Anti-woke criticism of this kind has become a rallying cry of the American right, especially among those who use nationalism and appeals to a version of American nostalgia to unite a fervent base to “renew America.” The military has become a political football in this campaign. The term woke is now grounds for a grab-bag of complaints against it, including the Department of Defense’s climate initiatives and efforts to develop zero-emissions non-tactical vehicles, as well as the purported decline of masculinity and revamping of fitness standards in the ranks.

Critics frame these attacks with some truly remarkable rhetoric. Fox News commentator Tucker Carlson has famously mocked the Air Force for providing maternity flight suits for pregnant personnel who seek to stay on the job. Sen. J.D. Vance has in turn complained that the military is ignoring important challenges like its adversaries’ development of hypersonic missiles because military leaders only care about diversity training. Florida Governor Ron DeSantis has claimed that the Navy’s supposed obsession with pronouns means that “China is laughing at us.” A glossy brochure sponsored by Florida Sen. Marco Rubio and Rep. Chip Roy even singles out individual civilian and military officials by name as agents of some alleged woke indoctrination initiative within the military.

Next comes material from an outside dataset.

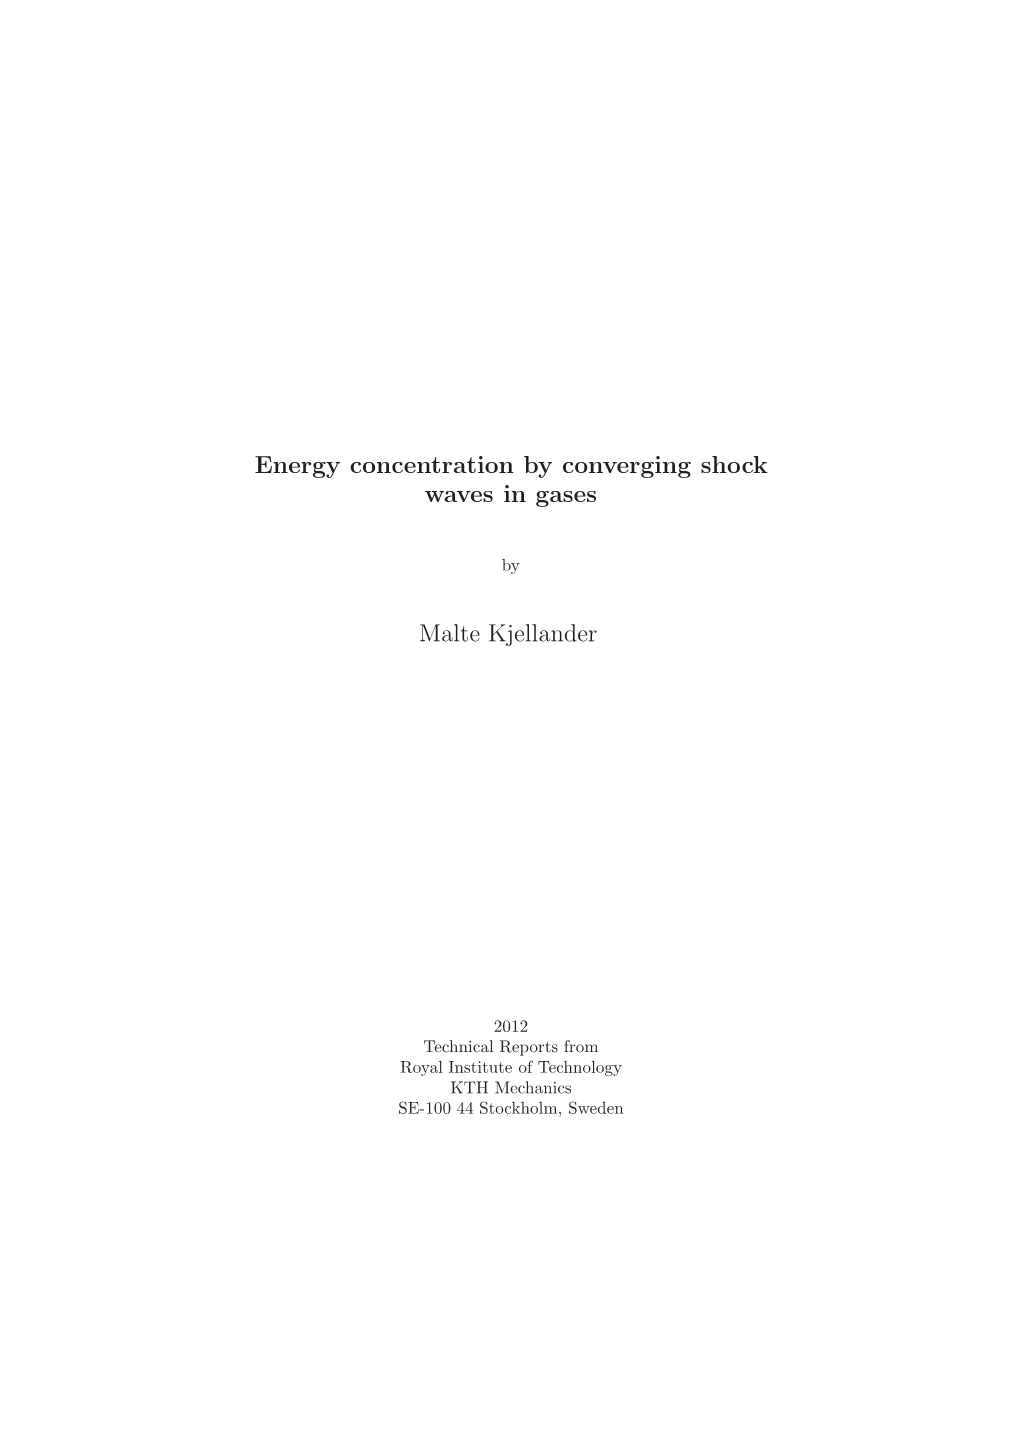 Energy Concentration by Converging Shock Waves in Gases Malte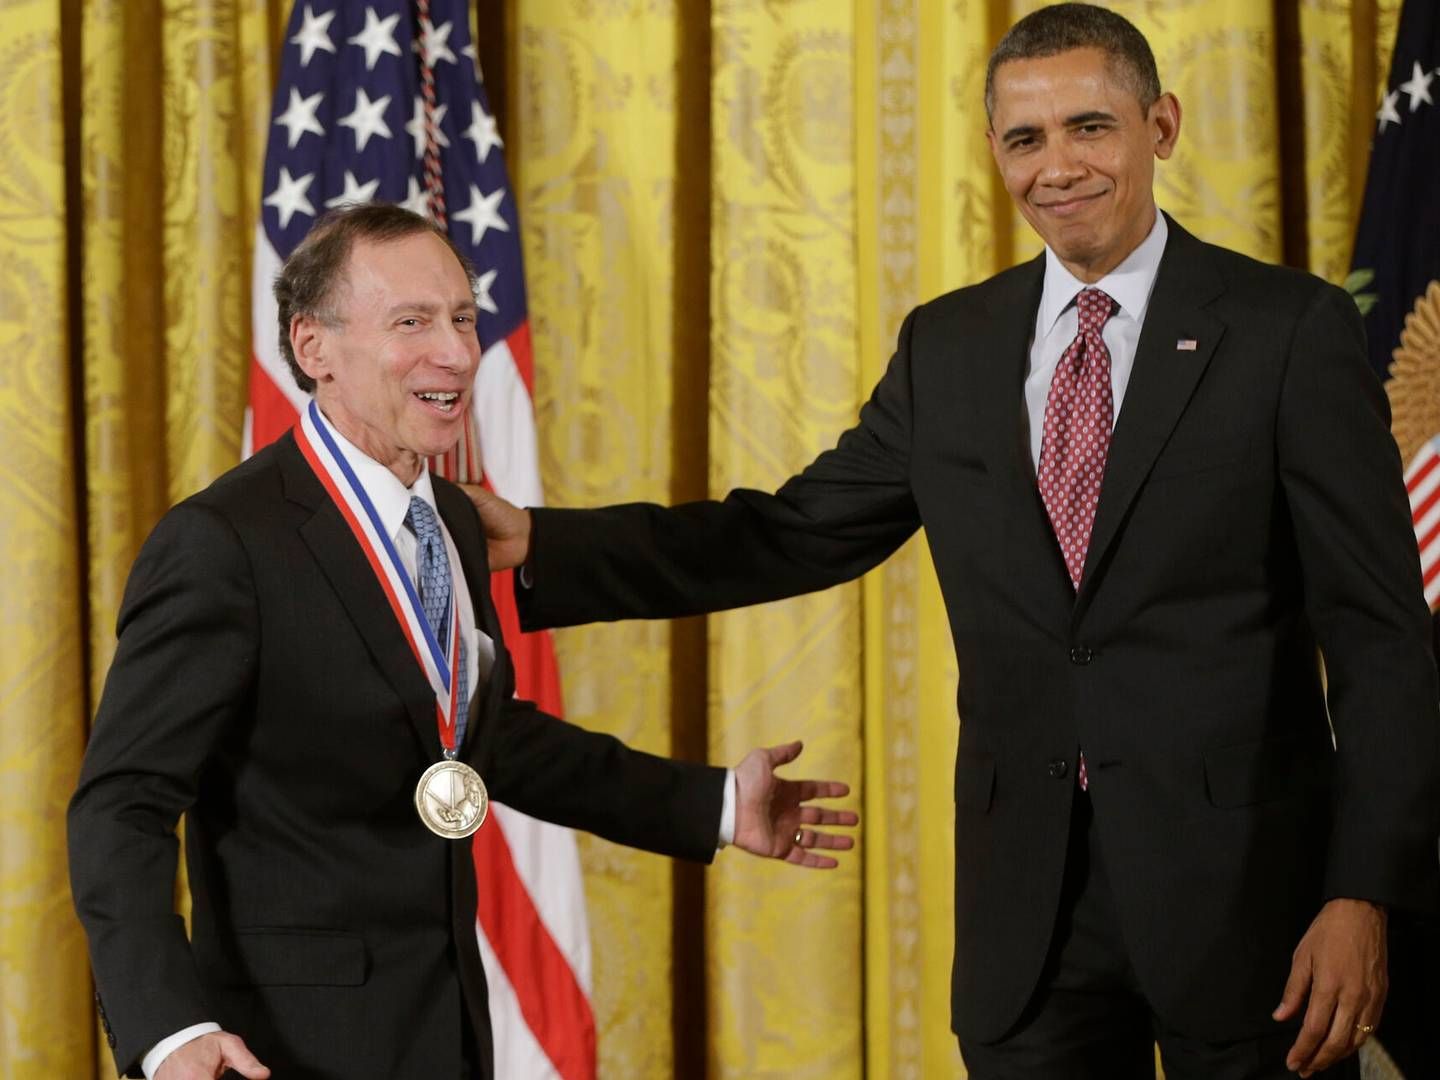 Robert Langer has received several honorary awards in his career. Here, he is pictured in 2013, when then US President Barack Obama presented him with the National Medal of Technology and Innovation. | Foto: Charles Dharapak/AP/Ritzau Scanpix

These attacks are doing serious damage to the U.S. military and, by extension, U.S. national security. They undermine the military’s internal cohesion, politicize oversight, and distract Congress and the American people from serious national security problems — all while addressing a problem that is poorly defined and mostly unsubstantiated. Those who have long seen these attacks for what they are — more performative partisanship than substantive critiques of real problems — should do more to counter them effectively.

 

 

In correcting the record, military leaders have a role to play in providing facts to the public and to their congressional overseers about the organization’s personnel policies. They should not shy away from providing that information while avoiding being baited into joining the partisan gamesmanship.

Even more vital, though, is the role of the military’s civilian leaders in countering the anti-woke camp. They are best positioned to explain to the American people the role of diversity initiatives and related policies, and to counter the flawed arguments and false claims circulating in right-wing rhetoric about personnel issues today. The public itself also needs to do more to scrutinize anti-woke claims about the military.

The Anti-Woke Critique 

Anti-woke critics are quick to complain about the military, but the specifics of their critique are as murky as the actual definition of “woke.” Some highlight a handful of anonymous and unverified submissions to their websites or conversations with servicemembers reporting that racial or gender issues were discussed in their units in a manner they found offensive, such as someone commenting positively on the Black Lives Matter movement, or they point to the topics covered during the extremism stand-down that followed the Jan. 6, 2021 attack on the U.S. Capitol. 

At other times, self-described anti-woke activists allude to a misplaced organizational focus on diversity trainings or related initiatives, often claiming without much evidence that they are taking over the military. A recent Heritage Foundation publication, for example, contends that “[The Department of Defense] is promoting philosophies that are divisive, far out of the mainstream of American beliefs, and part of postmodernist theories’ school of thought.” The report’s authors claim that a survey of 301 active-duty military personnel shows that an “overemphasis” on diversity, equity, and inclusion is a dominant “area of concern for active military members.” Meanwhile, a former naval officer, who from 2007–2010 taught at the U.S. Naval Academy, claims that anti-bias and cultural awareness training has displaced other essential coursework at the academy, leaving midshipmen incapable of critical thinking and unprepared for their future jobs. 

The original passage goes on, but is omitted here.